INSTRUCTIONS FOR THE TASK: The part below that opens with the line containing "New Era Baseball" and closes with the line containing "Humvee Afghanistan" should be copied exactly, minus any pictures.

EXERCISE MATERIALS:
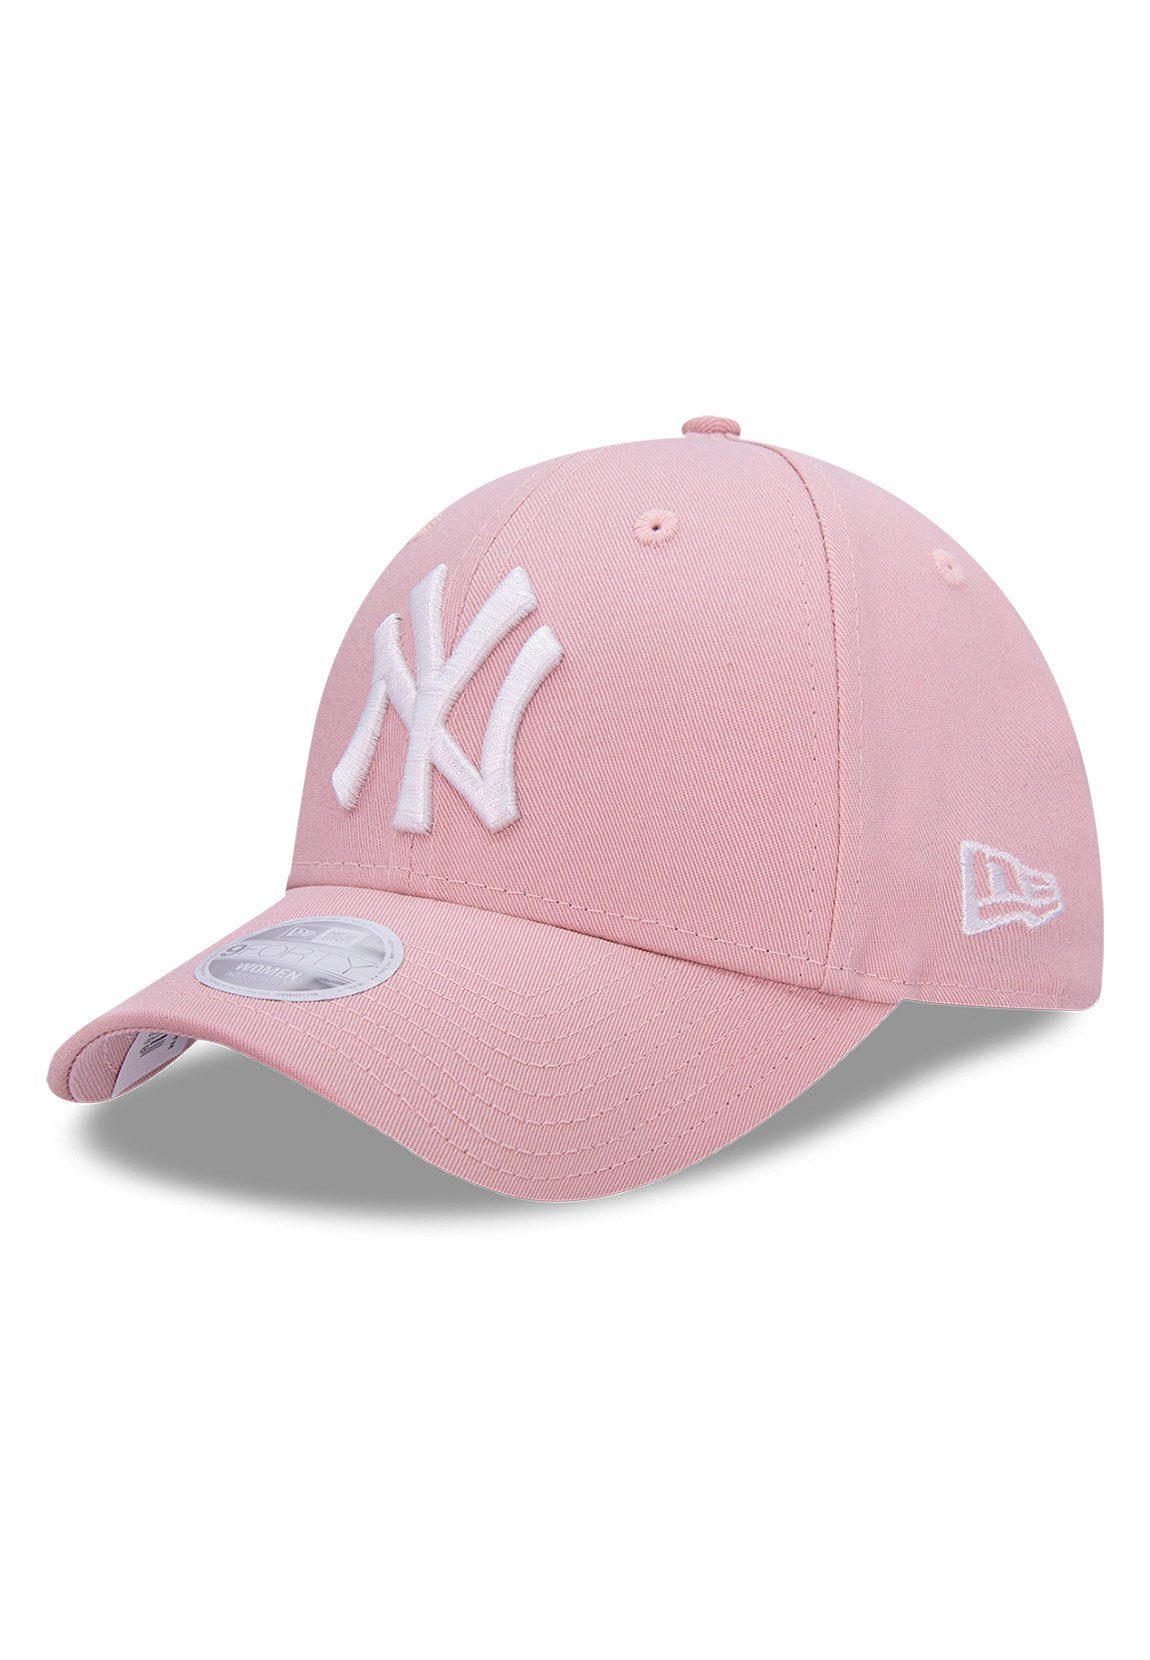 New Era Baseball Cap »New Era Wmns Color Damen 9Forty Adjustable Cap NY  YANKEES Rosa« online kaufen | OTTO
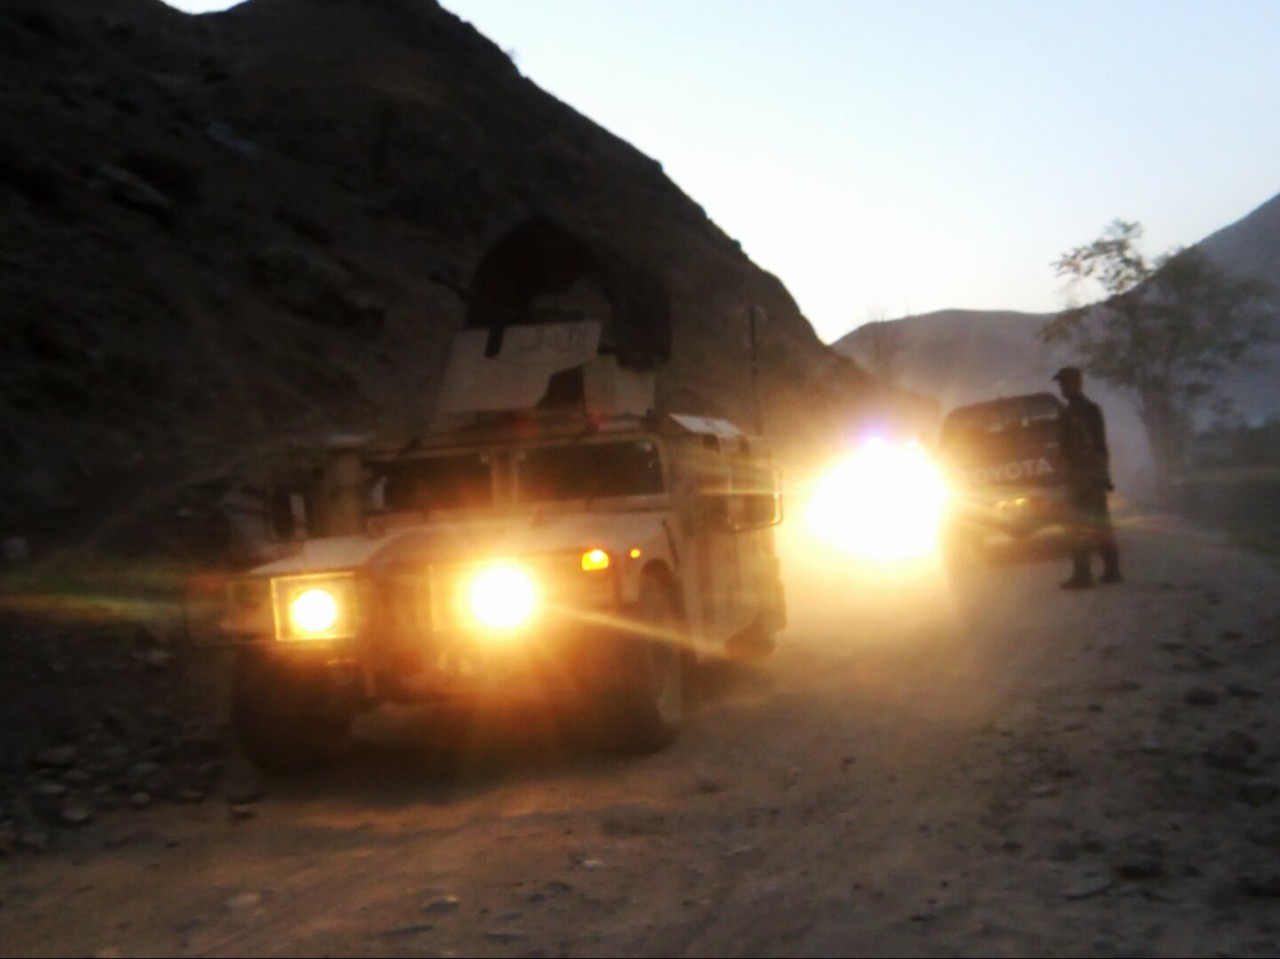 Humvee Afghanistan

==

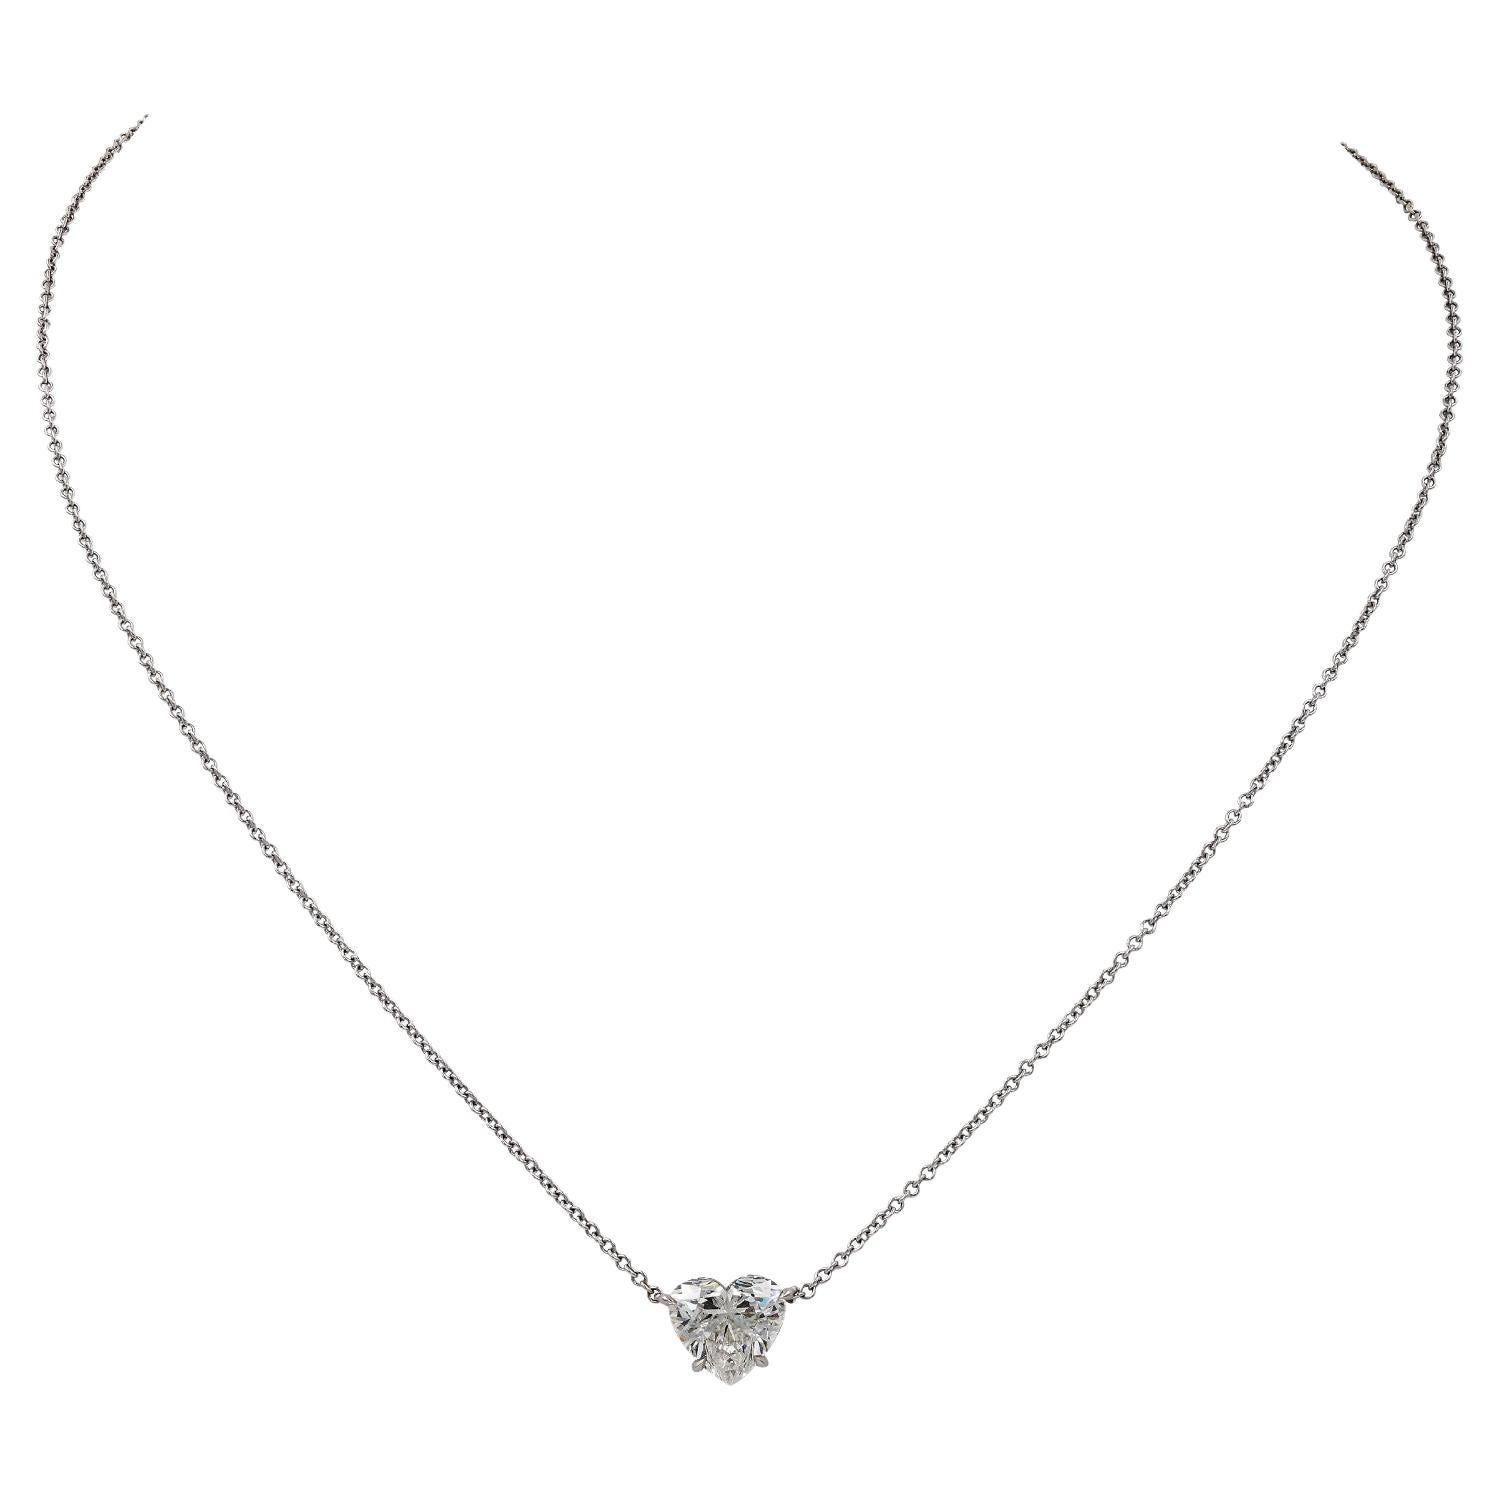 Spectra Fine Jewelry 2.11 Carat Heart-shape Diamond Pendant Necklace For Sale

TASK ANSWER:
 New Era Baseball Cap »New Era Wmns Color Damen 9Forty Adjustable Cap NY  YANKEES Rosa« online kaufen | OTTO
 Humvee Afghanistan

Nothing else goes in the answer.